Cheat! Fornicator! Wife-lover (Yeah, that is an insult in our democracy), Wife-abandoner! Embezzler! Antique thief! History-sheeter! Murderer! The epithets are hurled fast and furious — to be beamed instantly into our living rooms, tweeted and retweeted frenetically, till everyone has been fish-slapped with the half-truths. A half-truth may be a whole lie but who cares when contemptuous phrases make for great sound-bites. Long sentences are not TV-friendly. They don’t even fit into 140 characters at Twitter. Pithy falsehoods rule the roost. Who has the time and patience for a 30-minute sit down interview where a politician explains his party’s policies and programmes?
How much does a girl friend cost? Why did you leave your child bride? Who stole money from the disabled? Who ate up funds from a mid-day meal scheme for the poor? Who stole land from farmers? More than the questions, it is anger, cynicism and malevolence that are directed at the opponents by our eyeball hogging leaders.
The net result is confusion. Is Gujarat one of the most developed states or not? Depending on the publication one reads or the website/twitter handle you click on, you get a radically different opinion. Supported by facts and figures to match. Which son-in-law made more money during which regime: again choose your TV network to get the most ‘accurate’ information? Because it will run the sound-bites of politicians who rattle off random figures along with names of companies who benefited from sweetheart deals.

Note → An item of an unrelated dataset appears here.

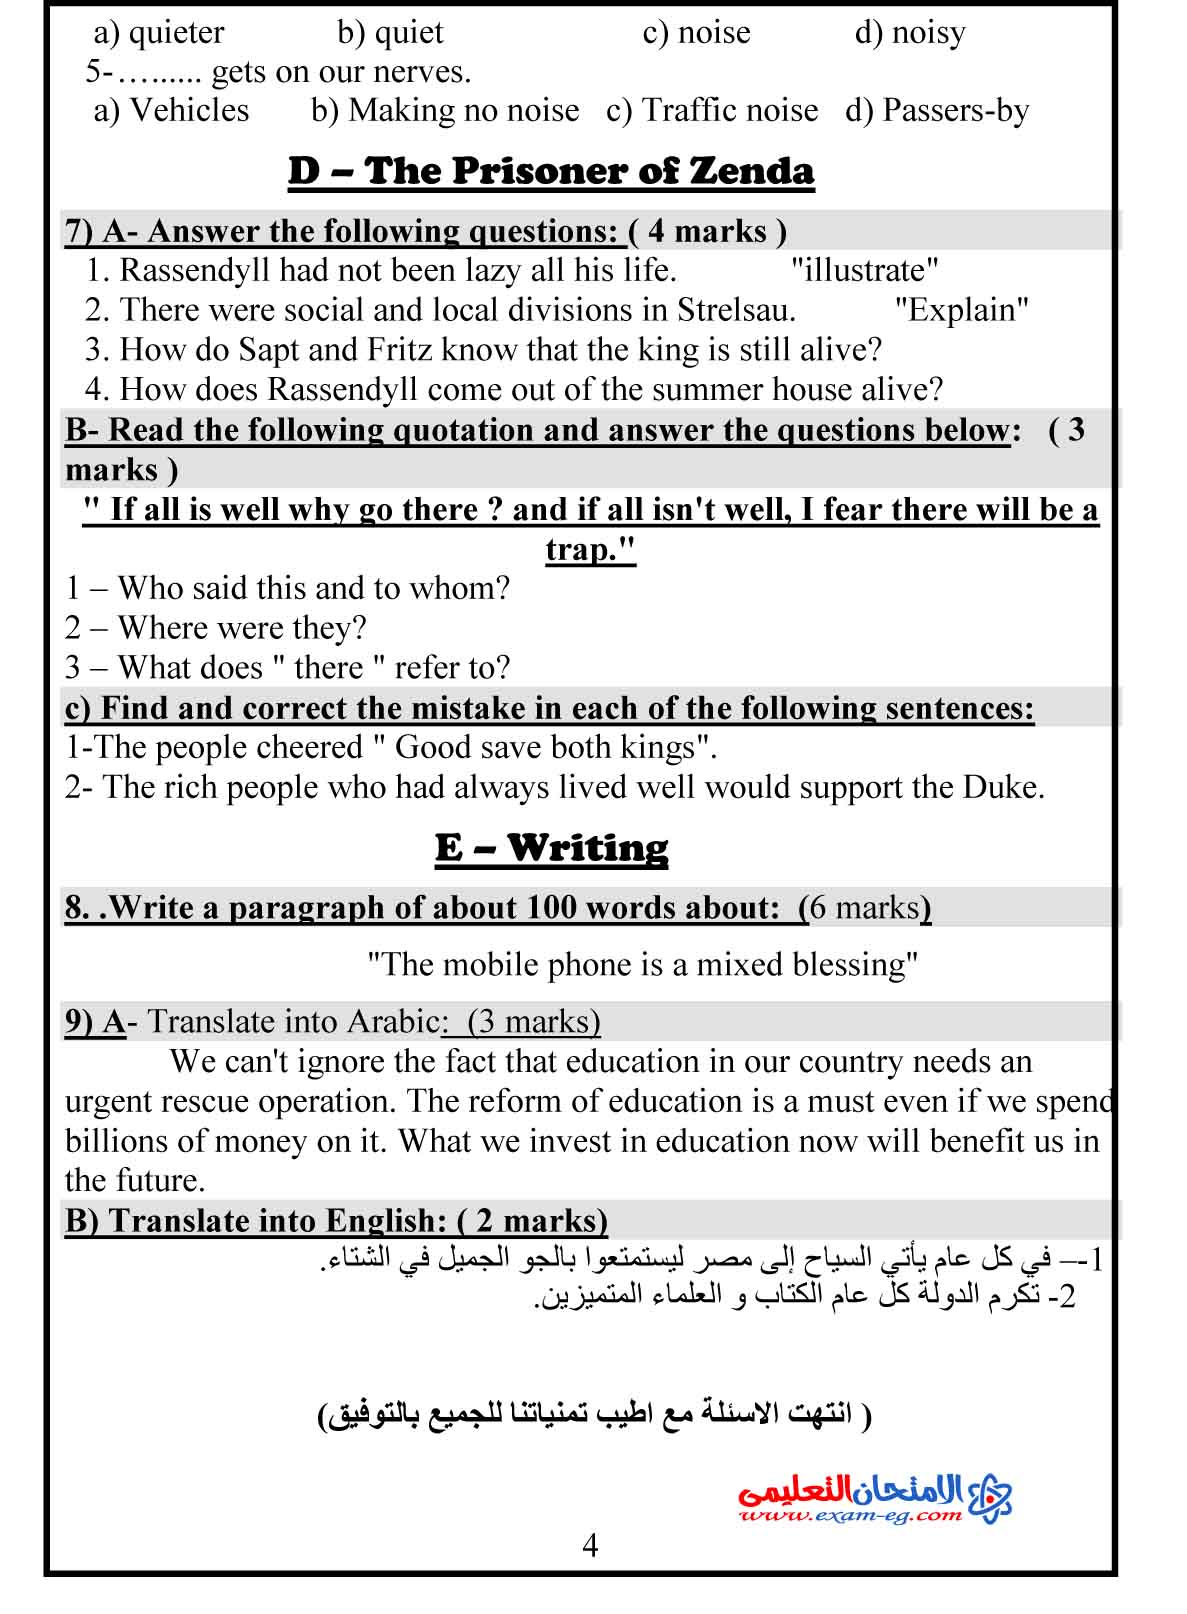 امتحان لغة انجليزية 2 - الامتحان التعليمى-4

Do news organisations fact check? How many have the resources to do it? Cash strapped as they are, news channels and publications have neither the resources nor trained staff to verify information thrown up at a frenetic pace by politicians and activists. The result is a compromise. Most editors presume that it is mildly unbiased reporting if they give almost equal airtime to both sides. So what actually happens is that we are given two sound-bites or two paragraphs for each side. It is then left to the news-consumer to comprehend the nuances of the accusations. By then, she is already saturated and tired of all the venom spewing to pay any attention.
Politicians now match sting operations by the media with their own counter-sting operations. ‘If you can’t beat them, join them’ is the mantra. These stings show us for how compromised the media — it is easy to tar everyone in the media with the same dirty brush — has become. Instead of checking the establishment by keeping it on its toes, the media is in bed with them, perpetuating and parroting, yes you guessed it, their sound-bites. The damage caused is irreparable.
The bureaucrats around our leaders are equally to blame. They shield their bosses from the media, selectively picking only those reporters who won’t ask critical questions. Some of our elected and selected leaders have stopped meeting the press altogether. They brazenly boast about this to the media. See we can do even without you.
The credibility of the media and the political class has suffered massively in the last two years. It is not surprising that most people actually now believe in the self-defeating but fallacious aphorism: ‘sab chor hain’ (everybody is a thief). The prophets of doom of India Against Corruption are feeding off this fear-psychosis which has benumbed us. They hope to win votes where a cynical electorate rejects all tried options and chooses an untried person or party -- one which has not yet had the chance to make mistakes because it has not had the chance to rule.